You have likely had at least one opportunity to work and write collaboratively with others, as this is an increasingly common way to work, both in school and in the workplace. The engineering design process, for example, at least in part, entails working collaboratively to gather, organize, manage and disseminate information (McCahan, et al., 2015). This information is often carefully analyzed and used to make important decisions, so it is critical that team members collaborate effectively in managing these communications tasks.

Engineers report spending a considerable amount of their time writing, and they frequently engage in collaborative writing. A recent survey asked various professionals what portion of their work week was devoted to writing, collaborative writing, and international communications (Swartz, et al., 2018). The results shown in Table 4.3.1 indicate that collaborative writing makes up a significant portion of overall writing tasks.

TABLE 4.3.1 Percentage of total work week that engineers and programmers report spending on communications tasks
Engineers Programmers
Time spent writing 35 % 25 %
Time spent planning and writing documents collaboratively 19 % 12 %
Time spent communicating internationally (across national borders) 14 % 18 %

Research has also shown that “writing in general and collaborative writing, in particular, has been recognized to be fundamental to most professional and academic practices in engineering” (Gimenez & Thondhlana, 2012). Figure 4.3.1 shows that engineers rate writing skills as extremely important to career advancement (Swartz, et al., 2018).

37%=Extremely important; 36%=very important; 20%=moderately important; 5%=slightly important; 2%=not at all important
Figure 4.3.1 The importance of writing for career advancement for surveyed engineers. (Swartz, et al., 2018. CC-BY 4.0).

Like any kind of teamwork, collaborative writing requires the entire team to be focused on a common objective; according to Lowry et al., an effective team “negotiates, coordinates, and communicates during the creation of a common document” (2004). The collaborative writing process, like the Tuckman team formation model, is iterative and social, meaning the team works together and moves back and forth throughout the process.

 

Knowledge Check

 

 

Successful collaborative writing is made easier when you understand the different strategies you can apply, how best to control the document, and the different roles people can assume.

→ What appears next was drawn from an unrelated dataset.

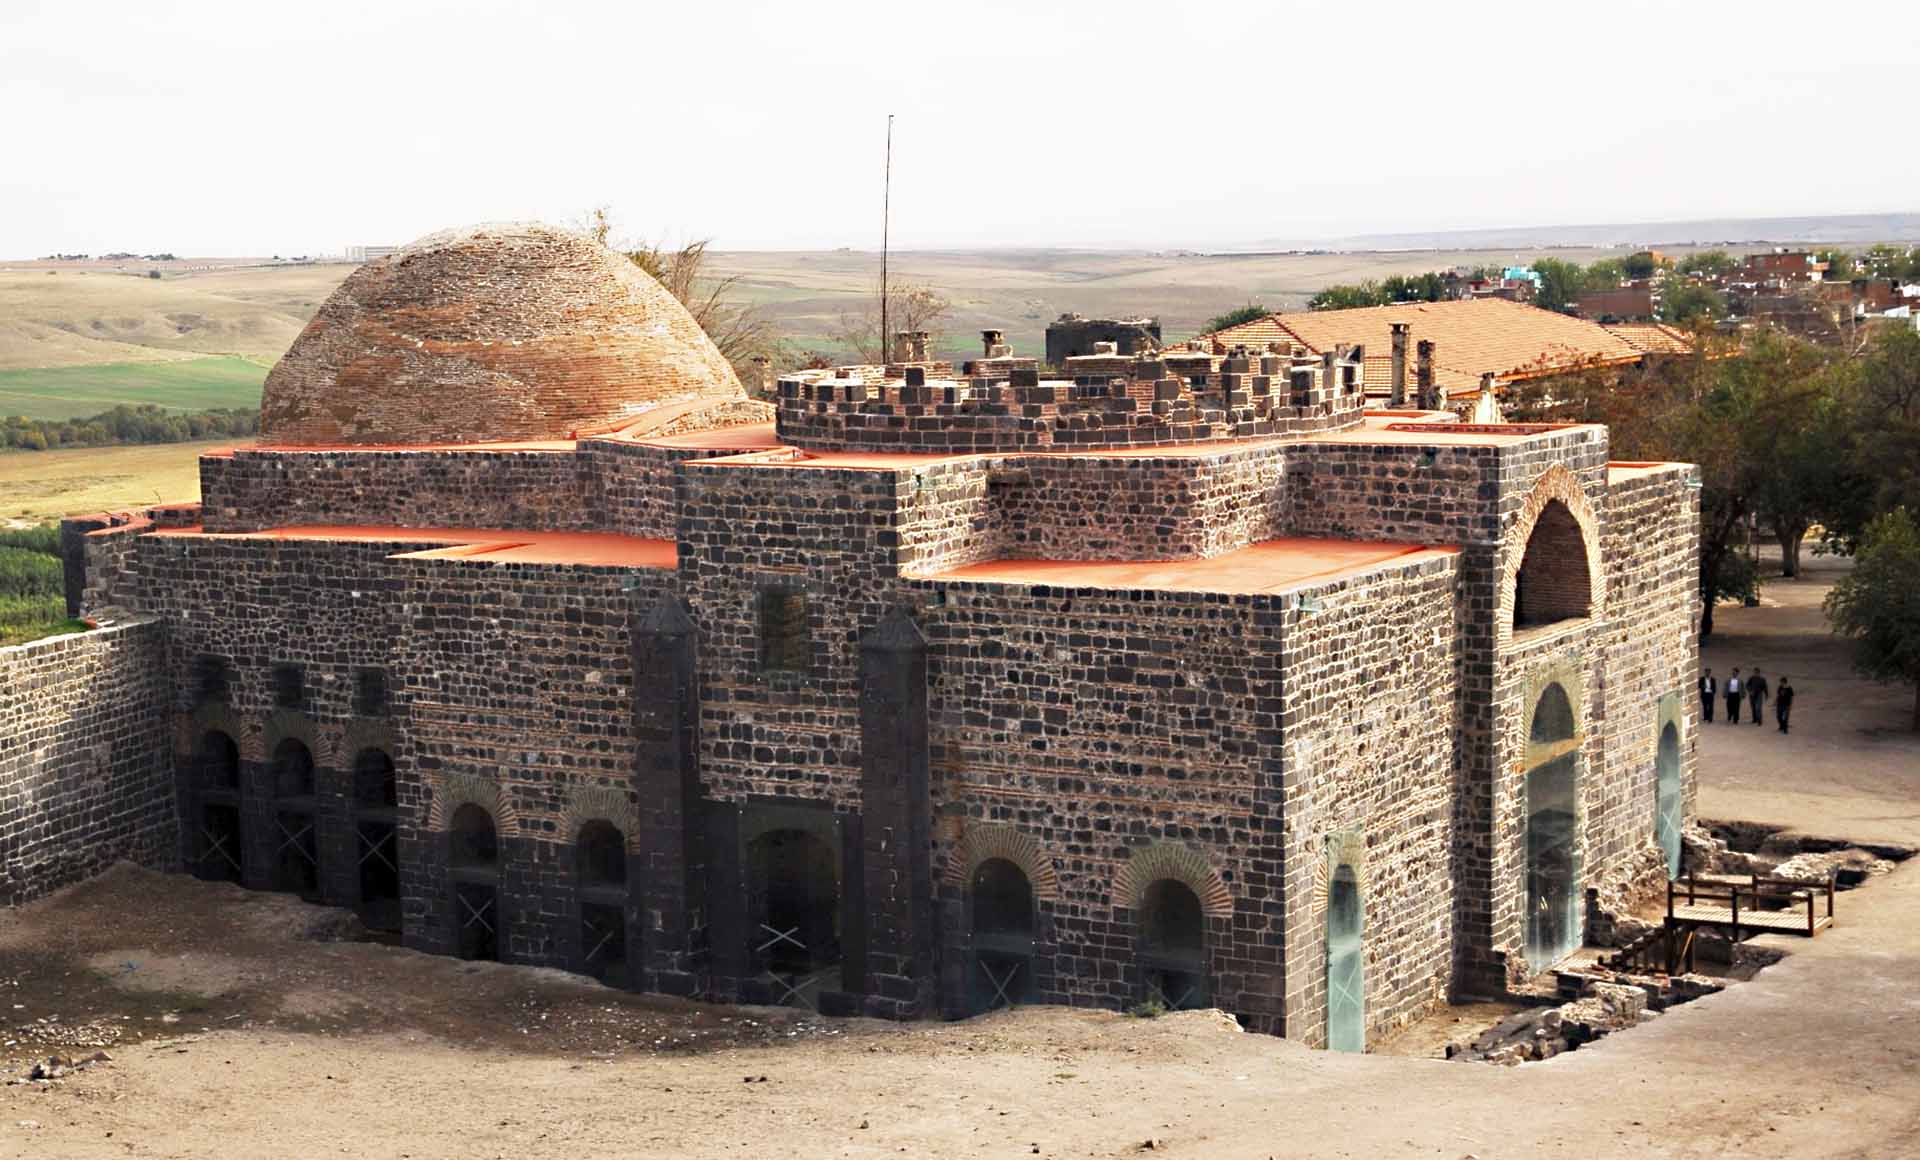 Chiêm ngưỡng vẻ kỳ vĩ của Diyarbakir - Tường thành dài thứ 2 thế giới bị ảnh hưởng bởi động đất tại Thổ Nhĩ Kỳ - Ảnh 11.

Figure 4.3.2 outlines the various activities involved at various stages of the collaborative writing process.

Four collaborative writing stages. Image description available.
Figure 4.3.2 Collaborative writing stages (Last, 2019). [Image description]

Collaborative writing strategies are methods a team uses to coordinate the writing of a collaborative document. There are five main strategies (see Table 4.3.2), each with their advantages and disadvantages. Can you think of any other benefits or limitations?

TABLE 4.3.2 Collaborative writing strategies (adapted from Lowry et al., 2004; in Last, 2019)
[Skip Table]
Writing Strategy
When to Use Pros Cons
Single-author

One member writes for the entire group.

For simple tasks; when little buy-in is needed; for small groups.

Efficient; consistent style.

May not clearly represent the group’s intentions; less consensus produced

Sequential

Each member is in charge of writing a specific part and write in sequence.

For asynchronous work with poor coordination; when it’s hard to meet often; for straightforward writing tasks; small groups.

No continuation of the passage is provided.